**** Supplied data
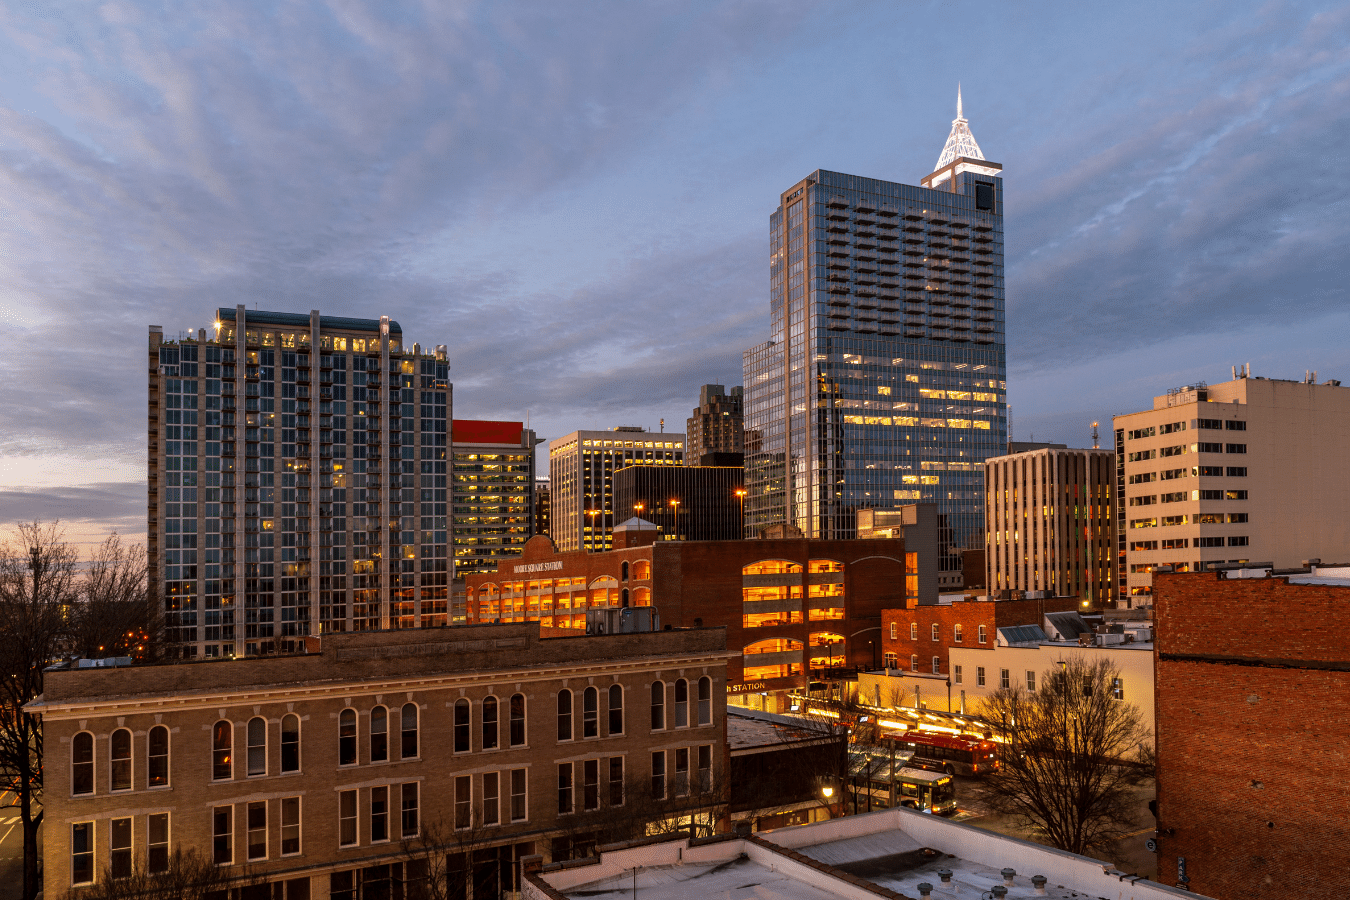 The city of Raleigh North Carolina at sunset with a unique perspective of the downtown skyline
********
**** Supplied data
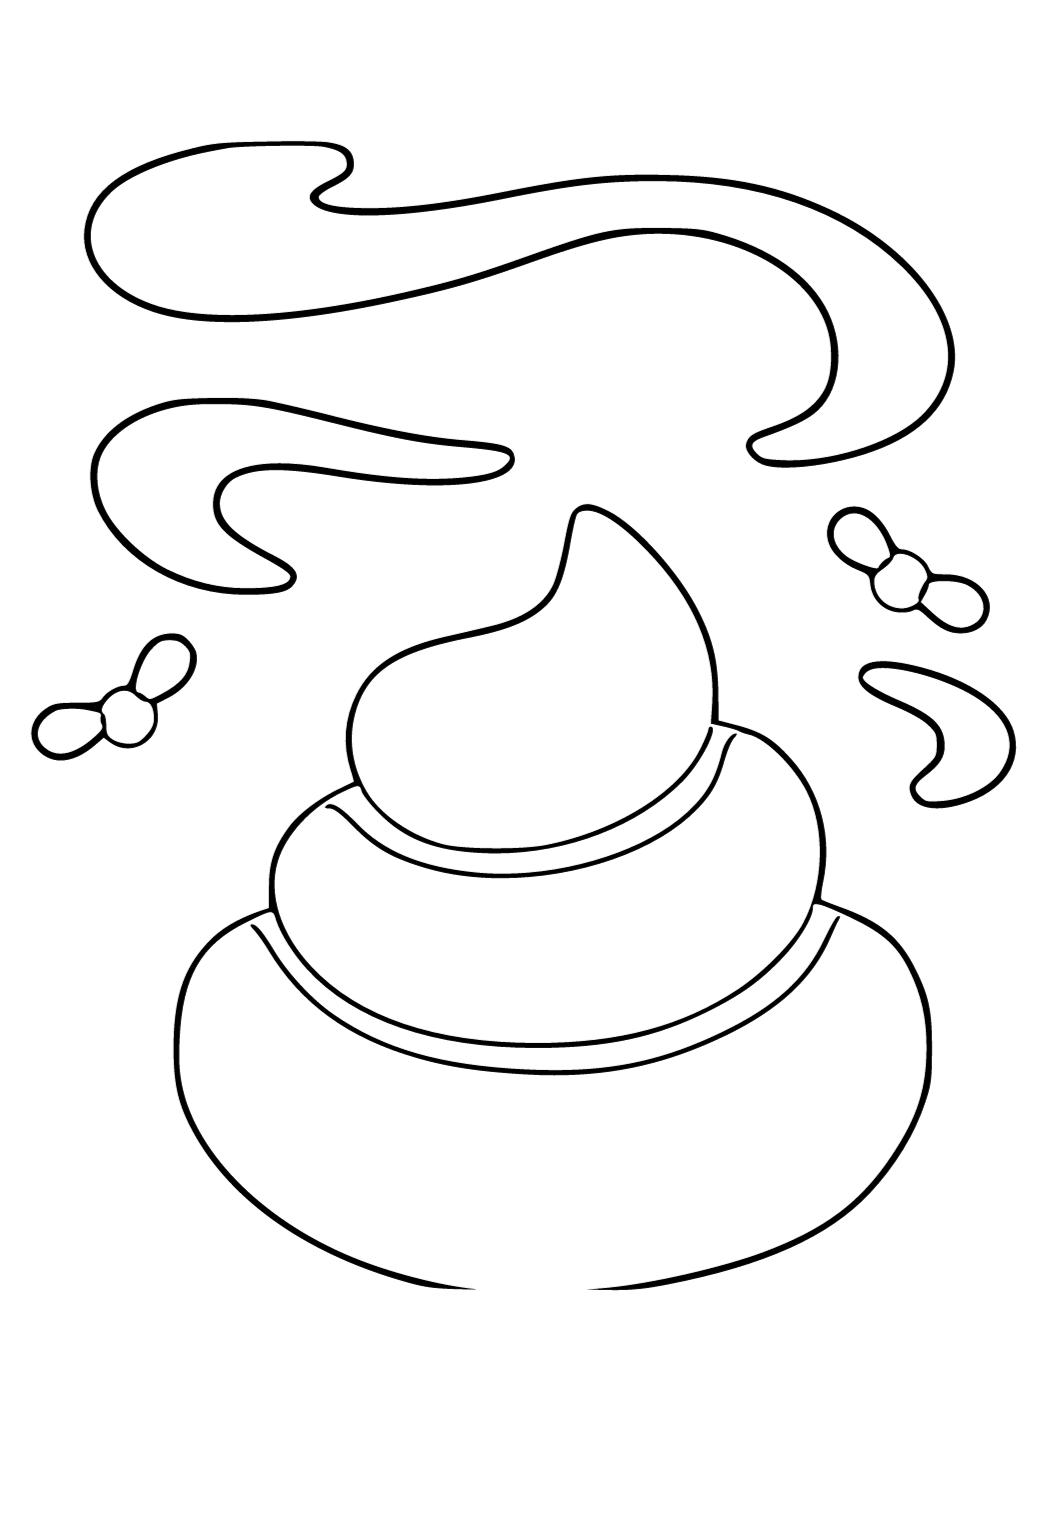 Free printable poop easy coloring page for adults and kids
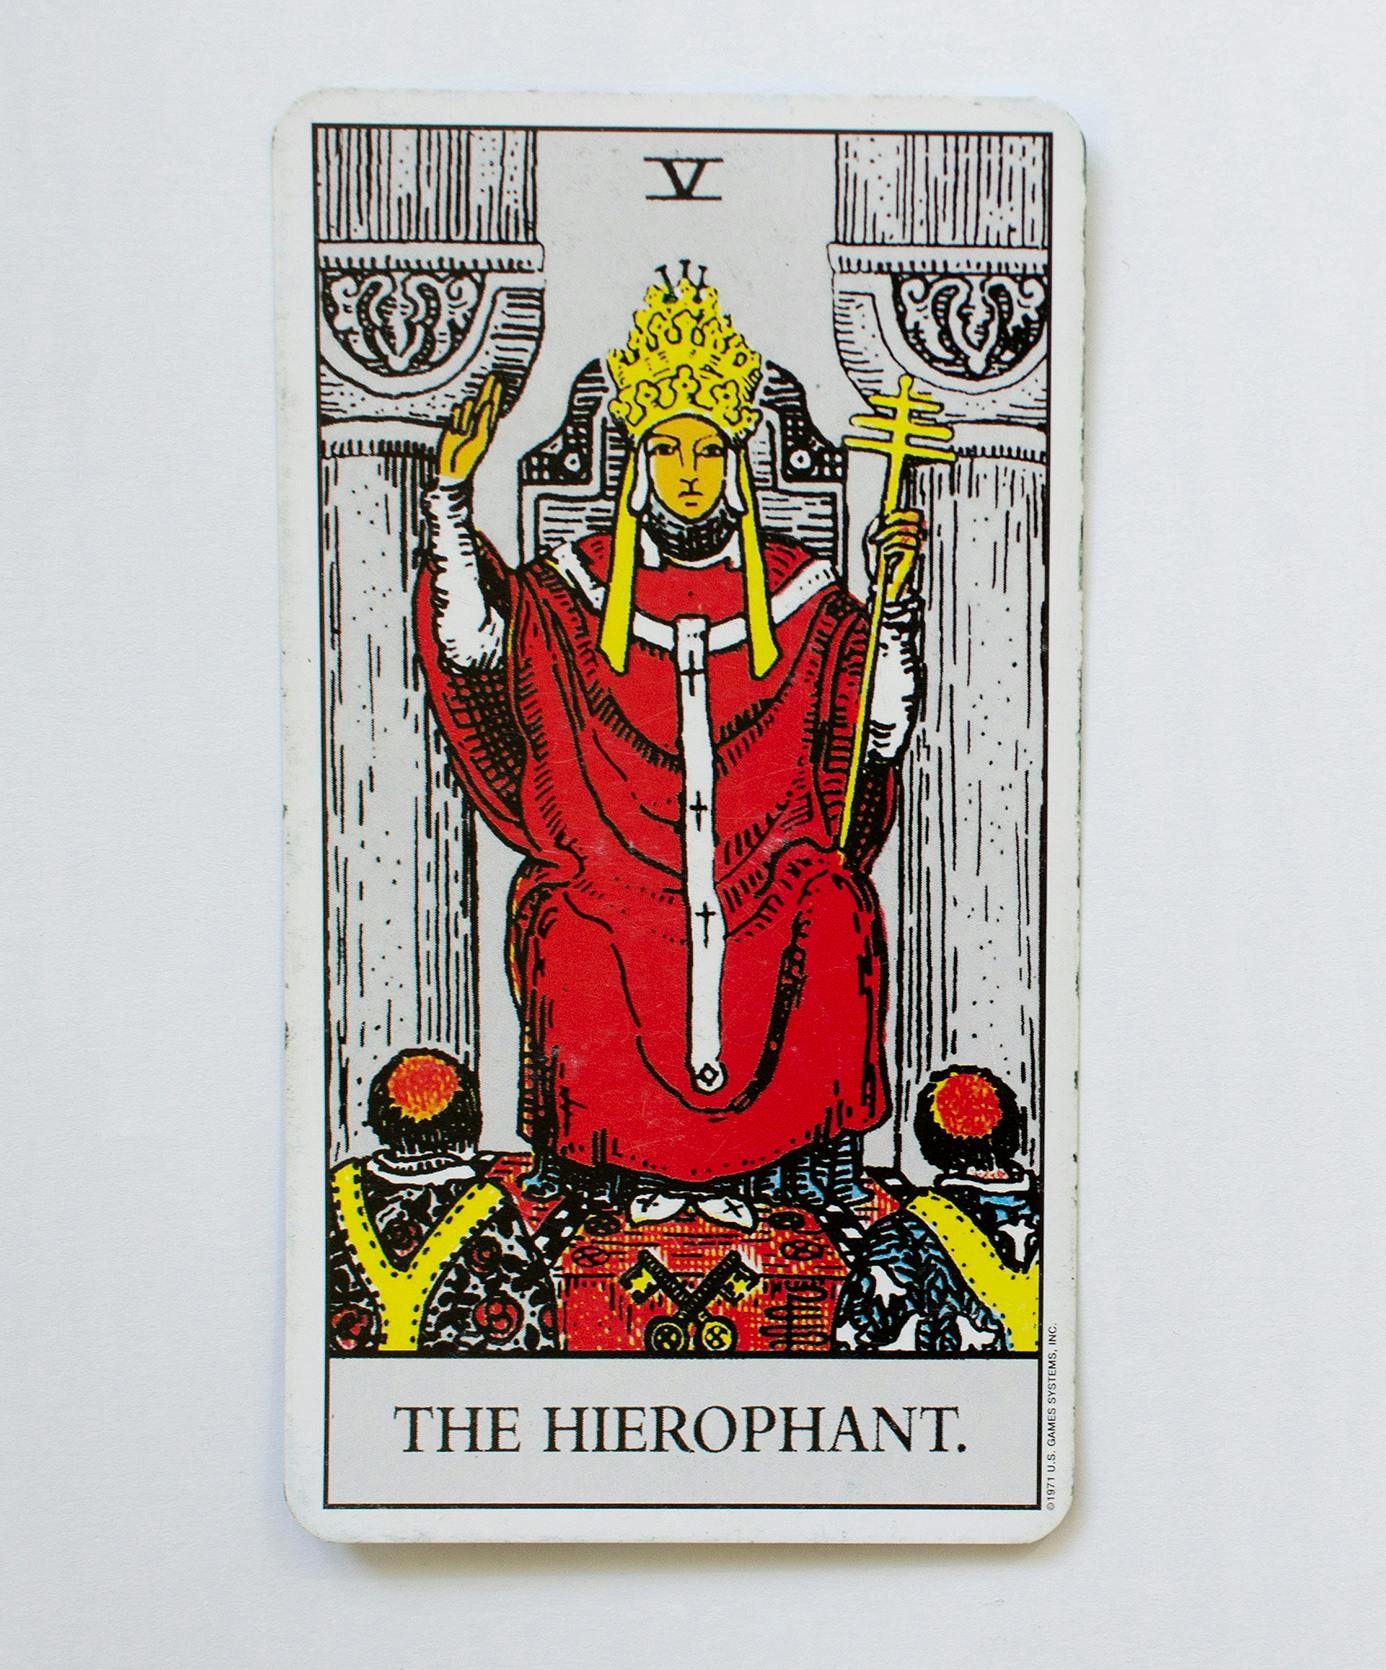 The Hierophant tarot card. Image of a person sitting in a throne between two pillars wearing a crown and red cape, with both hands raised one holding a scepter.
********
-- Action item --
Everything from the line with "Free printable poop" through the line with "The Hierophant tarot" in the material above should be transcribed exactly, except the pictures.

-- Response --
 Free printable poop easy coloring page for adults and kids
 The Hierophant tarot card. Image of a person sitting in a throne between two pillars wearing a crown and red cape, with both hands raised one holding a scepter.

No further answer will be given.